Following the Vietnam War era, the US Congress limited the government’s ability to pry into the lives of those in the US. That period, in the late 1970s, was the high point of reining in the government’s ability to spy on those in the US without a warrant and further limited the government’s ability to conduct “dirty tricks’ and sabotage of individuals and groups, as it had done through the FBI’s counterintelligence (COINTELPRO) spying program.

A footnote to J. Edgar Hoover’s COINTELPRO program was the existence of a secret set of files that he held in a place near his office at the FBI that was hidden from the view of all but Hoover and an assistant. Do those kinds of files on targets that the government identifies as suspicious exist today, or are secret files unneeded with the incredible reach the government now has to monitor millions beginning with the 2001 Patriot Act and subsequent laws?

With sweeping government surveillance in mind, I recently received responses to two requests I made of two government agencies through the Freedom of Information Act (FOIA). The Federal Bureau of Investigation (FBI) and the National Security Agency (NSA) denied my requests with essentially the same language.

I do not know whether either agency has any information about my political affiliations, political action, or writing, and that’s precisely why I requested any information those agencies may have about me. The result of my inquiry was fairly predictable.

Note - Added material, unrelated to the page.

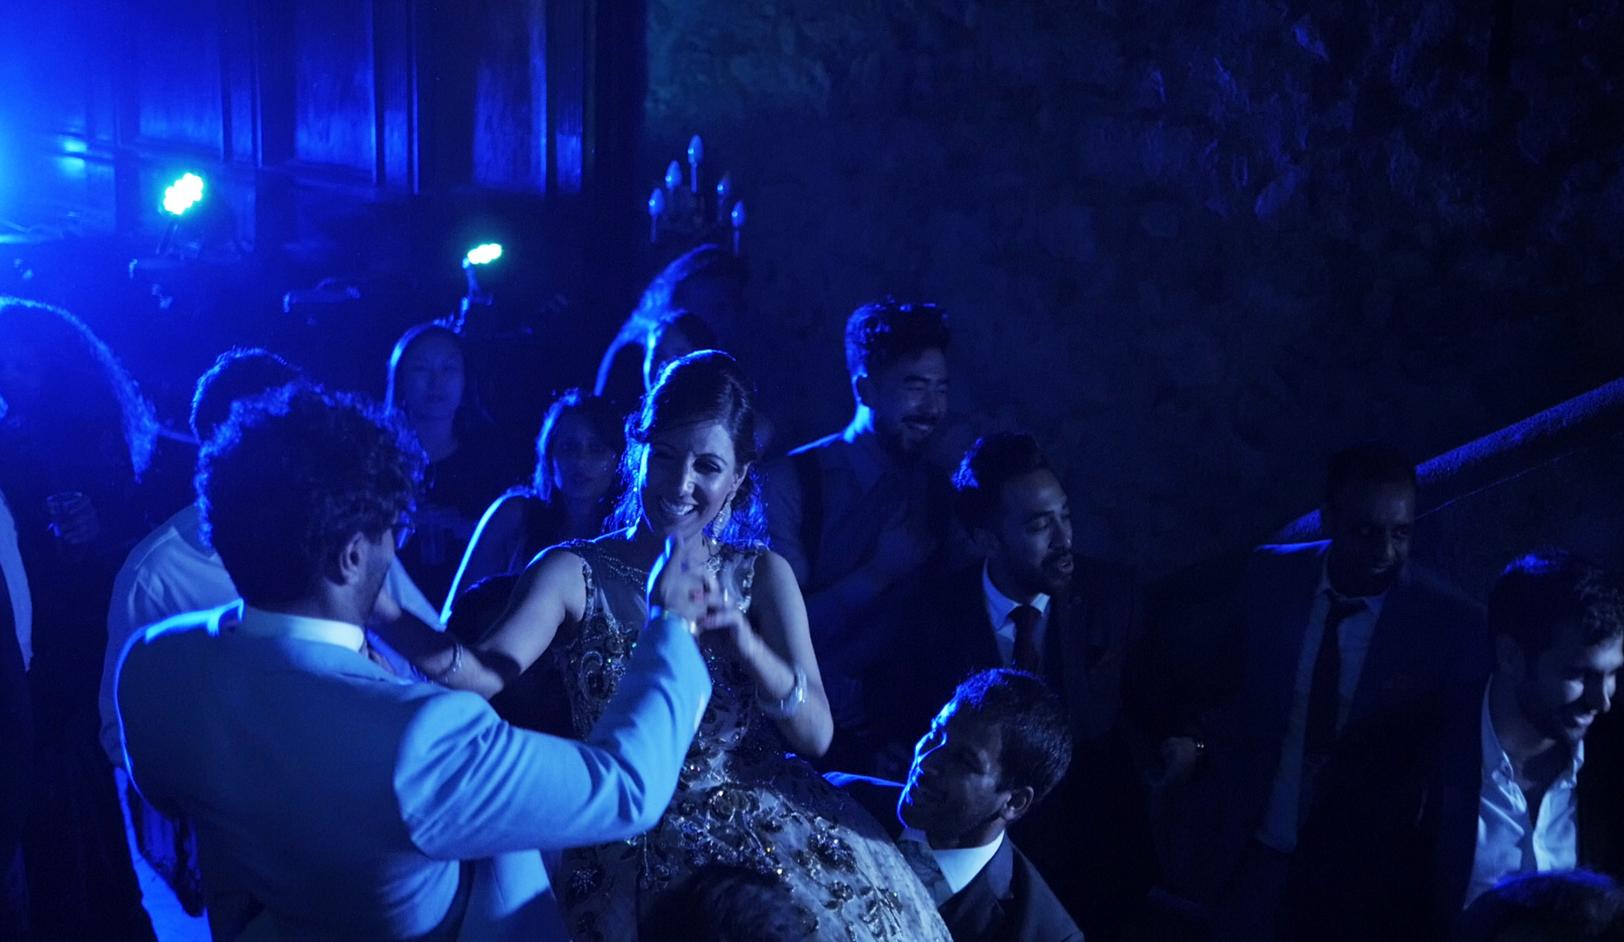 matrimonio-indiano-castello-medievale-castellammare-di-stabia-sorrento-video.jpg

Here, I’ll focus on the NSA’s response to my query.  The essence of each law the NSA cites in denying my request for information is paraphrased and is not a precise legal assessment of each law. What the NSA seems to say is that the laws governing secrecy, state that that agency doesn’t have to disclose anything to an individual seeking to know what that agency may or may not have about them. One statement within the NSA’s response was disconcerting and here I paraphrase once again. They, the NSA, reasoned that if the NSA gives a person information, then a terrorist could trip the NSA up and get information that might help them in their nefarious plans. Pretty dubious reasoning there. Having written and protested about US militarism and empire since the Vietnam War, it seems as if the government may have had a fleeting interest, but this is not an exercise in ego. I doubt if the NSA’s line of reasoning holds much water. If that agency performed their roles within laws that existed before 2001, wouldn’t they have information about anyone with plans to do harm to others? Did they, the NSA and other spy agencies, really need Draconian laws to make the Constitution a laughable document?

Again, here’s how they reasoned in response to my query:

+ Title 18 US Code 798: The government can keep classified information from you as an unauthorized person.

+ Title 50 3024(i): The director of the NSA protects intelligence sources and methods.

+ Section 6, Public Law 86-36: Laws can’t require the NSA to disclose the functions and activities of the NSA.

+ 150 US Code 3605: This law protects the NSA from disclosing the organization or any function of the NSA.

Spy agencies, including the NSA, don’t have to disclose anything they may have in their possession about an individual or group. To these agencies, a citizen of the US has few rights since the attacks of 2001. These agencies have the right, by law, to keep all information about people they may surveil as secret information. Spy agencies have rendered the Fourth Amendment toothless. These agencies know everything about many of us and we know almost nothing about them and are effectively barred from learning anything about the information they collect. What they know is that they now have the legal right and means to collect everything about us and our affiliations and actions. Due process enshrined in the Fifth and Fourteenth Amendments and habeas corpus are pretty much out the door in many cases: Consume: Be Silent.